Parenting interventions can prevent adverse outcomes

OUR RESEARCH HIGHLIGHTS HOW THE RELATIONSHIP BETWEEN PARENTAL CONFIDENCE AND COMPETENCE CAN POSITIVELY IMPACT CHILD DEVELOPMENT

Evaluation

We are committed to research into the effectiveness of our three programmes. We work with Clinical Psychologists and research experts to ensure rigorous evaluation and continuous measurement of our impact.

Parental confidence and wellbeing

At Kids Matter, we are keen to ensure that mums, dads and carers finish our programme more confident in their parenting and are able to improve their own wellbeing, as we know both of these factors are key to bringing about change in family functioning, parent-child relationships and consequently child behaviour.

We measure our impact both qualitatively (through stories and quotes from mums, dads and carers) and quantitatively, through two standardised measures: TOPSE and WEMWBS.

TOPSE

We use the TOPSE (Tool of Parental Self Efficacy, Bloomfield and Kendall (2007)) to measure parental self-efficacy. The graph shows that mums, dads and carers who attend a Kids Matter group improve across all eight aspects of parental self-efficacy.

Parents rate themselves already fairly high on the scale, which could be due to a variety of reasons, and yet improvement is still made and maintained.
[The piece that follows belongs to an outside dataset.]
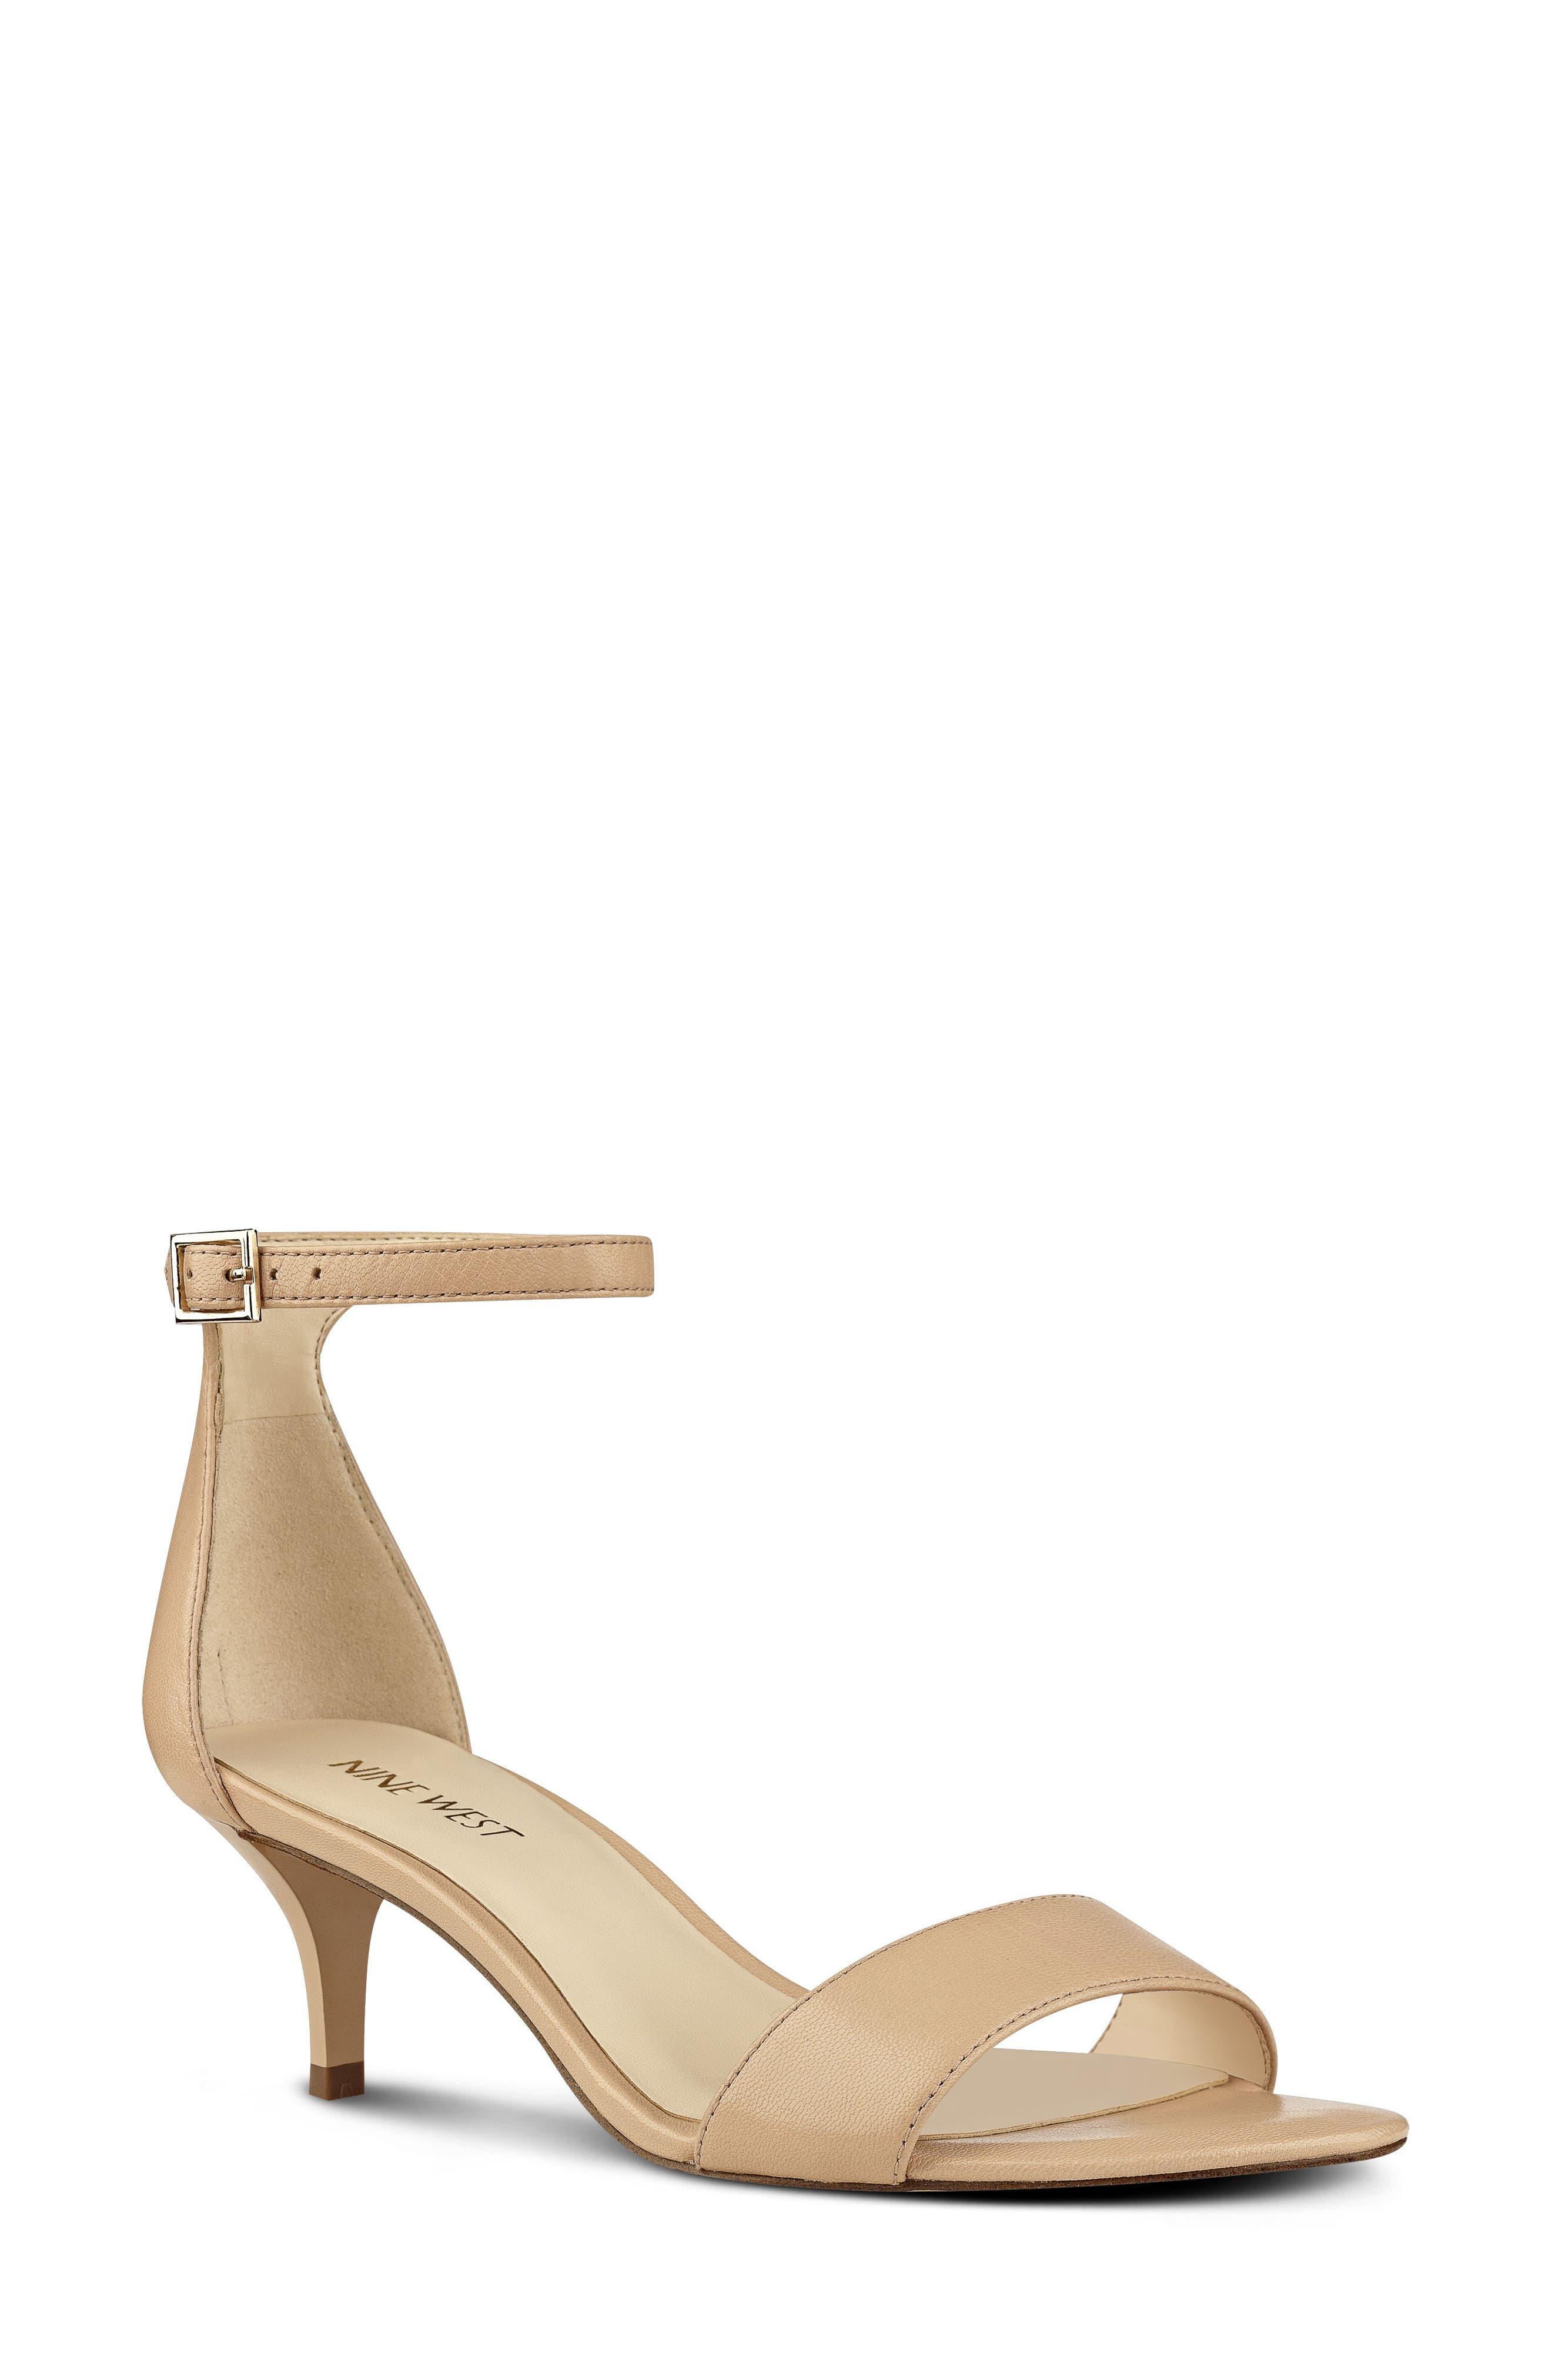 Alternate Image 1 Selected - Nine West 'Leisa' Ankle Strap Sandal (Women)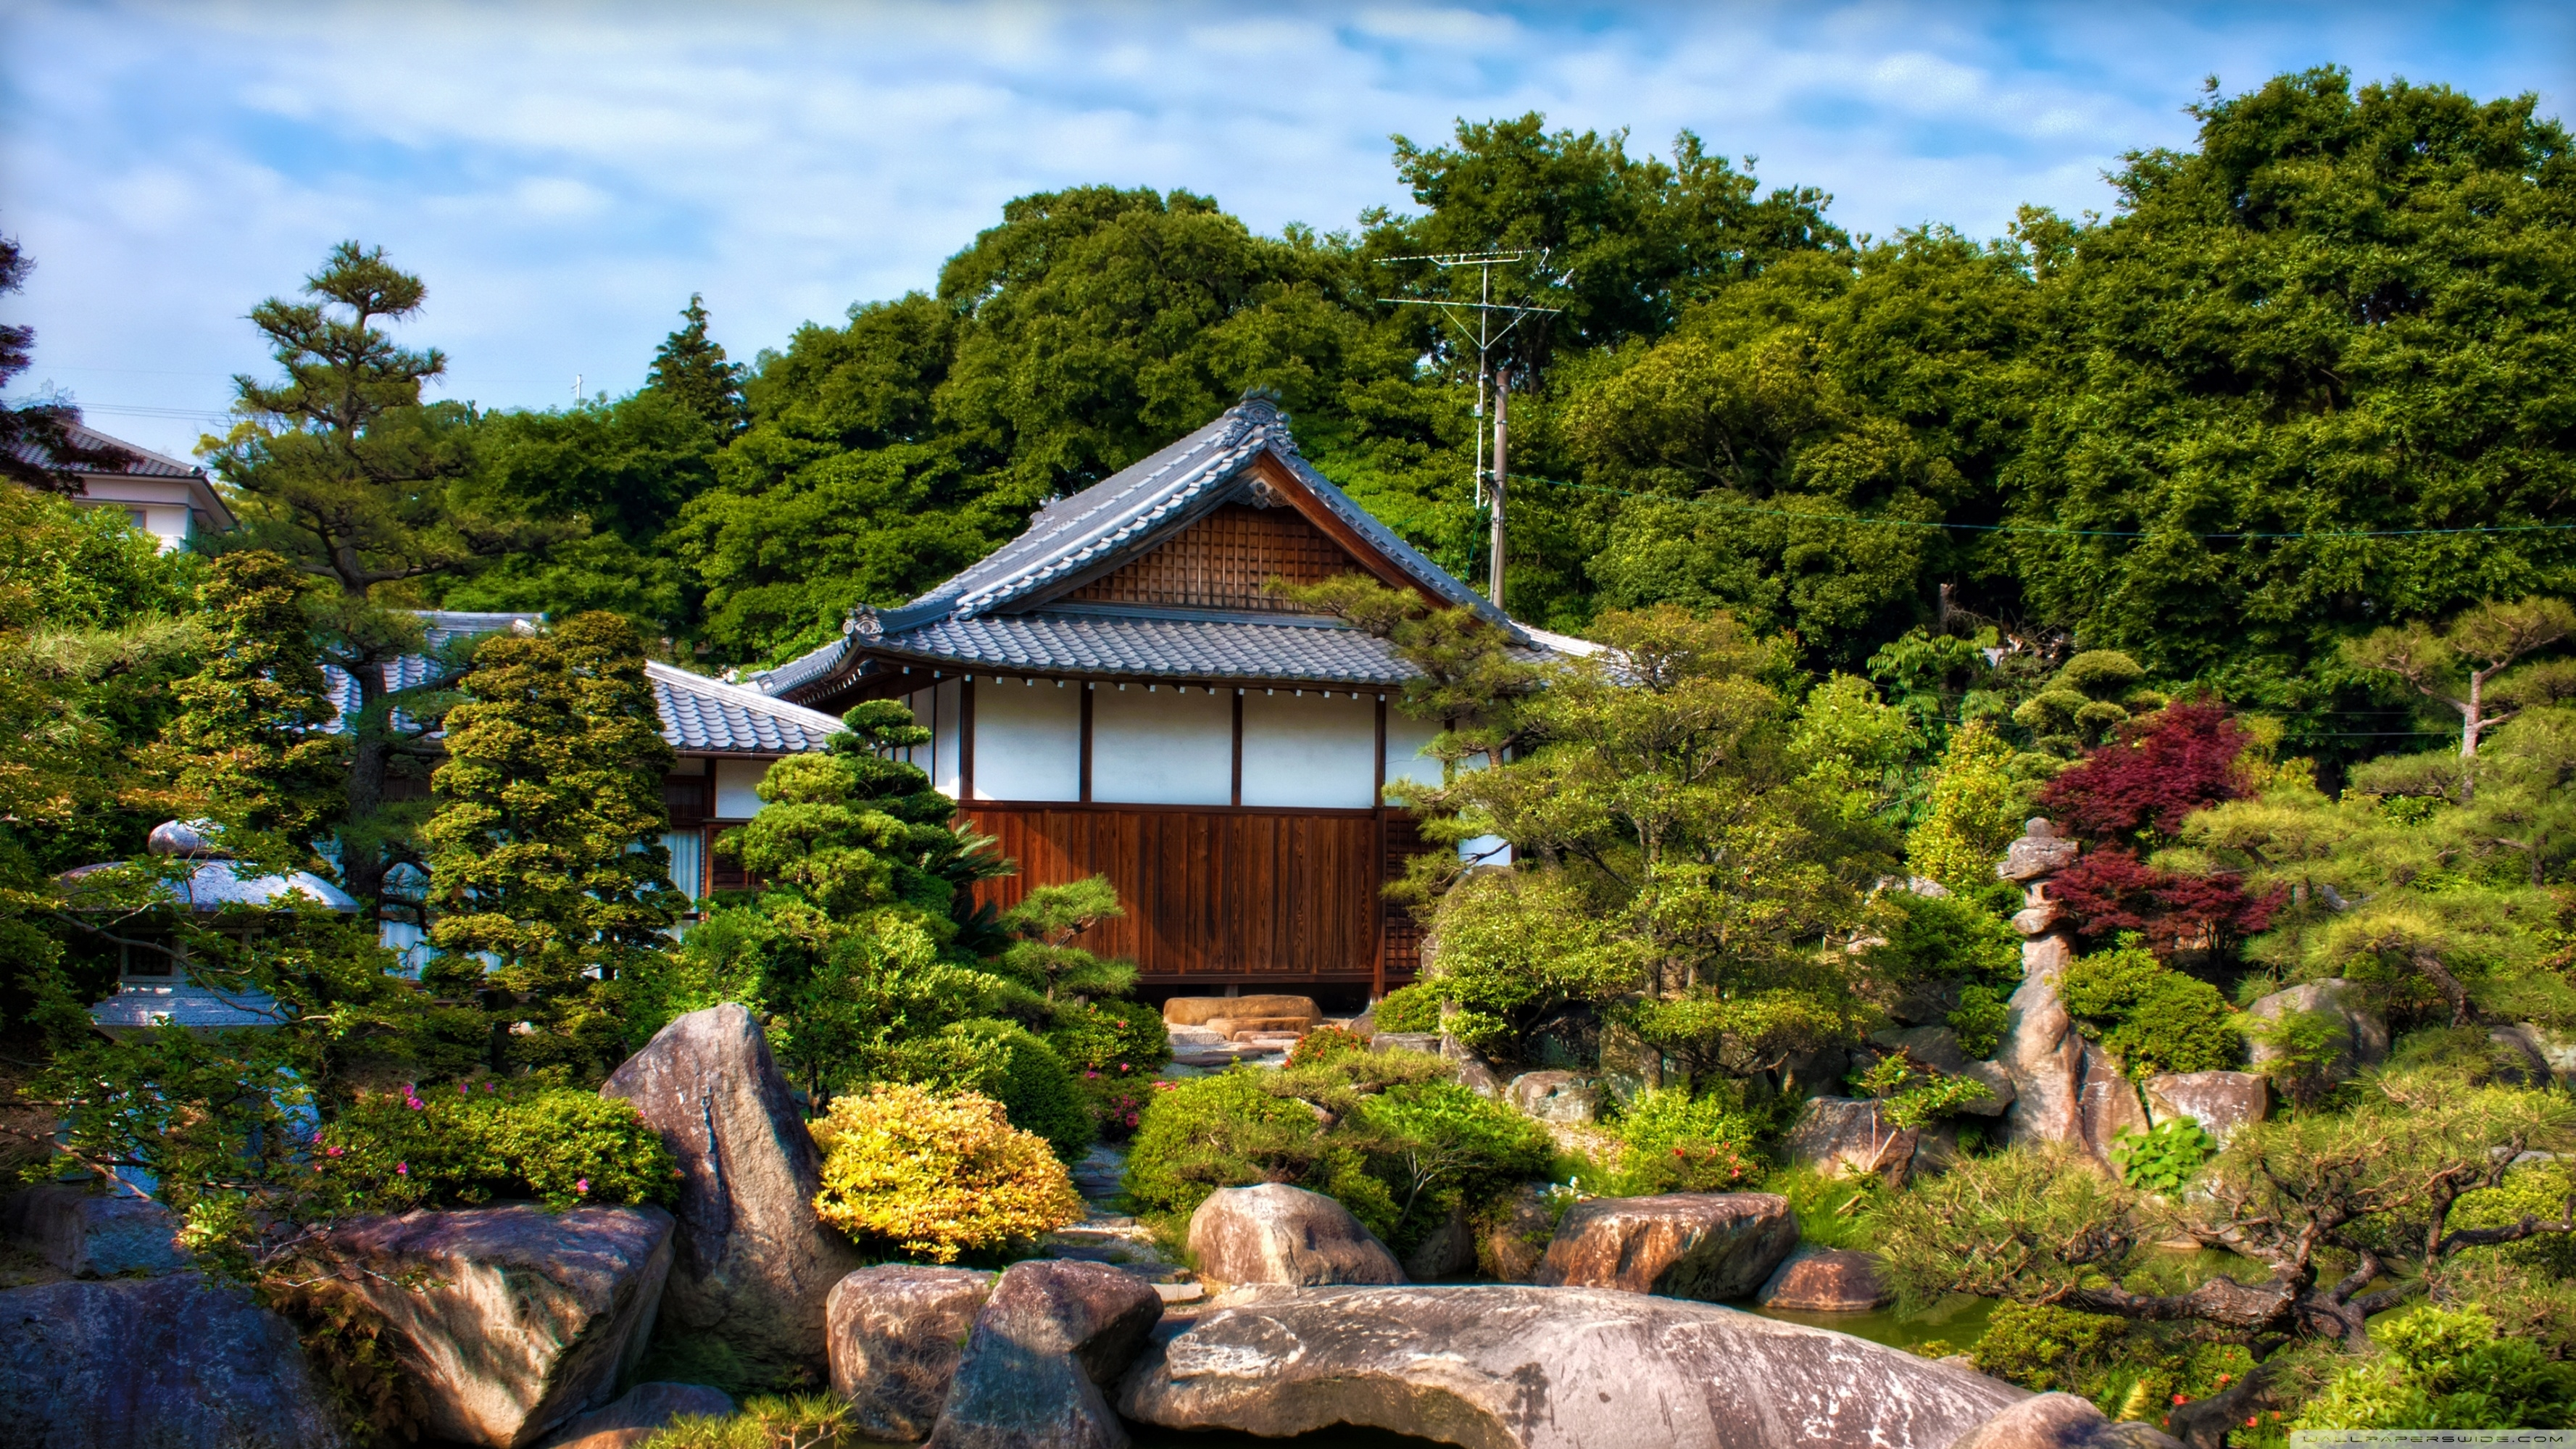 japanese garden ❤ 4k hd desktop wallpaper for 4k ultra hd tv

The biggest impact is in the areas of ‘discipline and boundaries’, ‘pressures of parenting’ and ‘control’. Finding this level of improvement in mums, dads and carers three months after the intervention shows the long-term impact the programme has for the families we work with.

WEMWBS

We use the WEMWBS to measure parental wellbeing. The graph shows that the wellbeing of mums, dads and carers goes from below the national average to above the national average after attending our six-week programme. Importantly, this improved wellbeing stays that way three months later.

My Parenting Journey

My Parenting Journey is an internal Kids Matter questionnaire to assess parental satisfaction with the programme, completed in the final week (Session 6). The items on this questionnaire can be split into four categories:

Yes/no statements

“I found coming to the group has helped me”
99.53% agreed

“I would recommend going to a Kids Matter group to a friend”
98.6% agreed

0-10 scale measuring

“I feel my hopes for doing this programme have been met”
Mean score: 9.10 (SD:1.27) (min: 4, max: 10)

List of positive outcomes about the programme

Participants check the ones which apply to them (14 possible items)
Min agreement: 20.35%; Max agreement: 61.95%

List of negative outcomes about the programme

Participants check the ones which apply to them (2 items)
4.42% of participants had checked each negative statement.